Quorum Daemon: In Linux-HA[7], we have implemented a quorum daemon - whose sole purpose in life is to arbitrate quorum disputes between cluster members. One could argue that for the purposes of quorum this is basically SCSI reserve implemented in software - and such an analogy is a reasonable one. However, since it is designed for only this purpose, it has a number of significant advantages over SCSI reserve - one of which is that it can conveniently and reliably operate over geographic distances, making it ideal for disaster recovery (DR) type situations. I'll cover the quorum daemon and why it's a good thing in more detail in a later posting. Both HP and Sun have similar implementations, although I have security concerns about them, particularly over long distances. Other than the security concerns (which might or might not concern you), both HP's and Sun's implementations are also good ideas.

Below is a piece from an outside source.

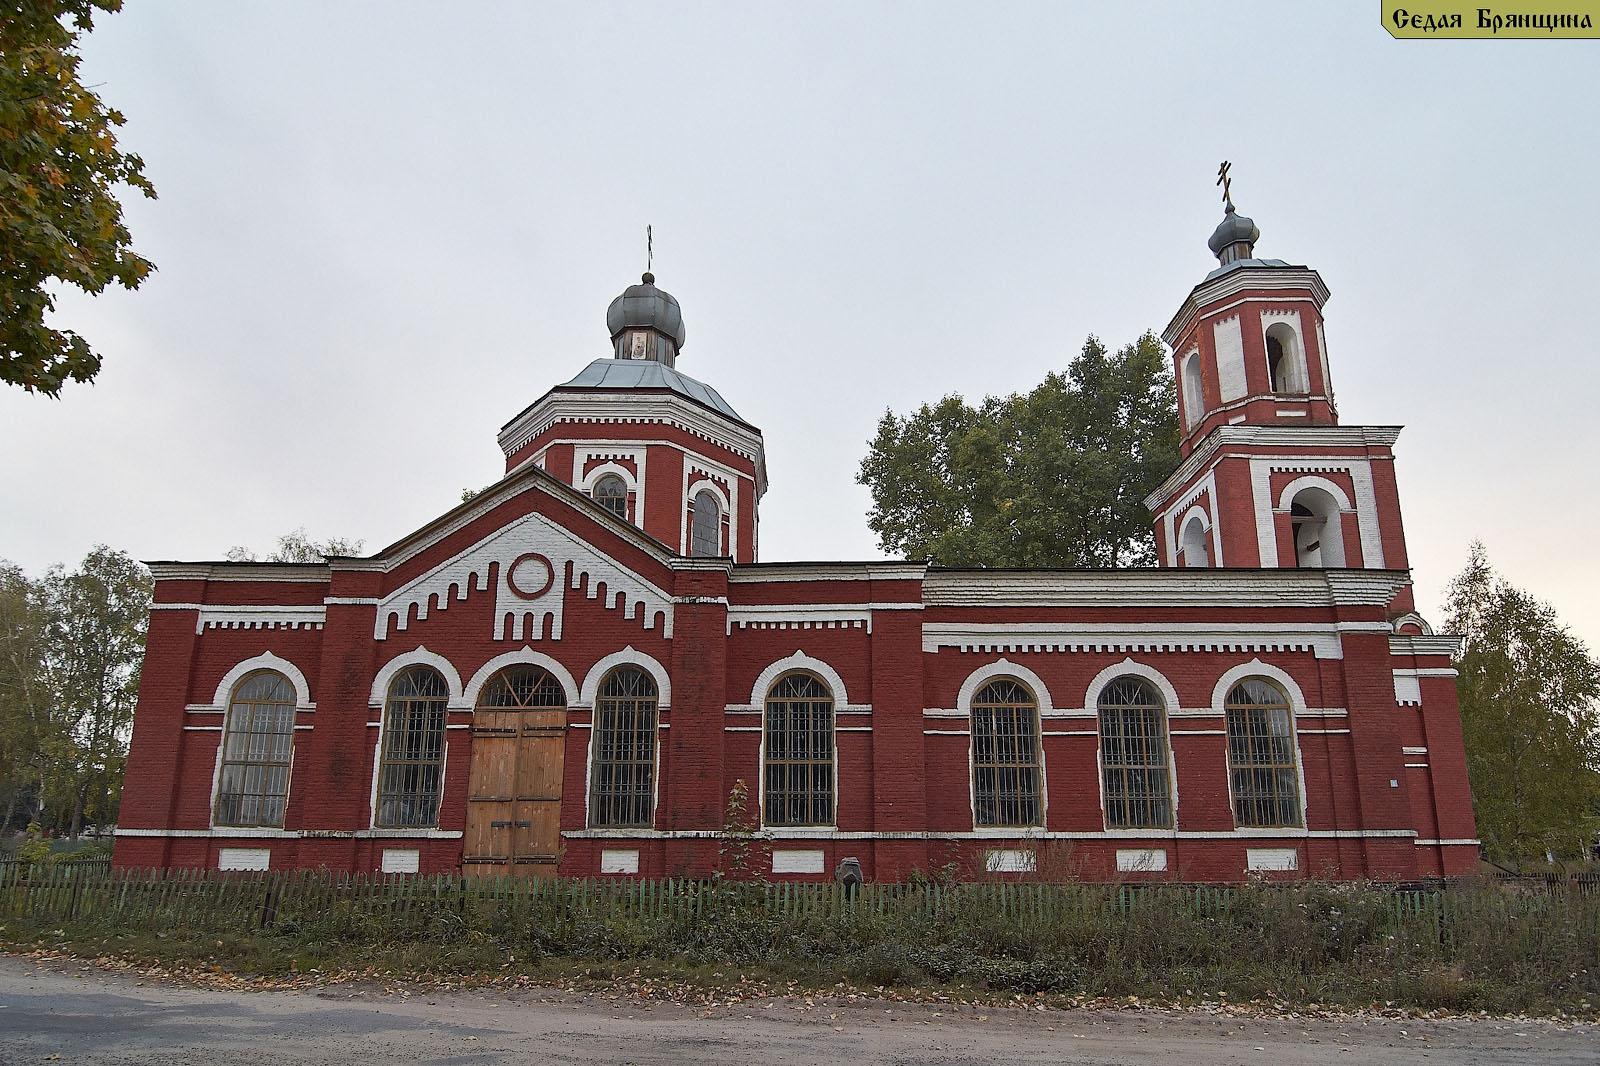 Плюсково. Церковь Петра и Павла

Arguably the best way to use these alternative techniques is not directly as a quorum method, but rather as a way of breaking ties when the number of nodes in a subcluster is exactly half the number of nodes in the cluster. Otherwise, these mechanisms can become single points of failure - that is, if they fail the cluster cannot recover.
Alternatives to Fencing
There are times when it is impossible to use normal 3rd-party fencing techniques. For example, in a split-site configuration (a cluster which is split across geographically distributed sites), when inter-site communication fails, then attempts to fence will also fail. In these cases, there are a few self-fencing alternatives which one can use when the more normal third-party fencing methods aren't available. These include:
Node suicide. If a node is running resources and it loses quorum, then it can power itself off or reboot itself (sort of a self-STONITH). The remaining nodes wait "long enough" for the other node to notice and kill itself. The problem is that a node which is sick might not succeed in self-suicide, or might not notice that it had a membership change, or had lost quorum. It is equally bad if notification of these events is simply delayed "too long". Since there is a belief that the node in question is, or at least might be, malfunctioning, this is not a trivial question. In this case, use of hardware or software watchdog timers becomes critical.
Self-shutdown. This self-fencing method is a variant on suicide, except that resources are stopped gracefully. It has many of the same problems, except it is somewhat less reliable because the time to shut down resources can be quite long. Like the case above, use of hardware or software watchdog timers becomes critical.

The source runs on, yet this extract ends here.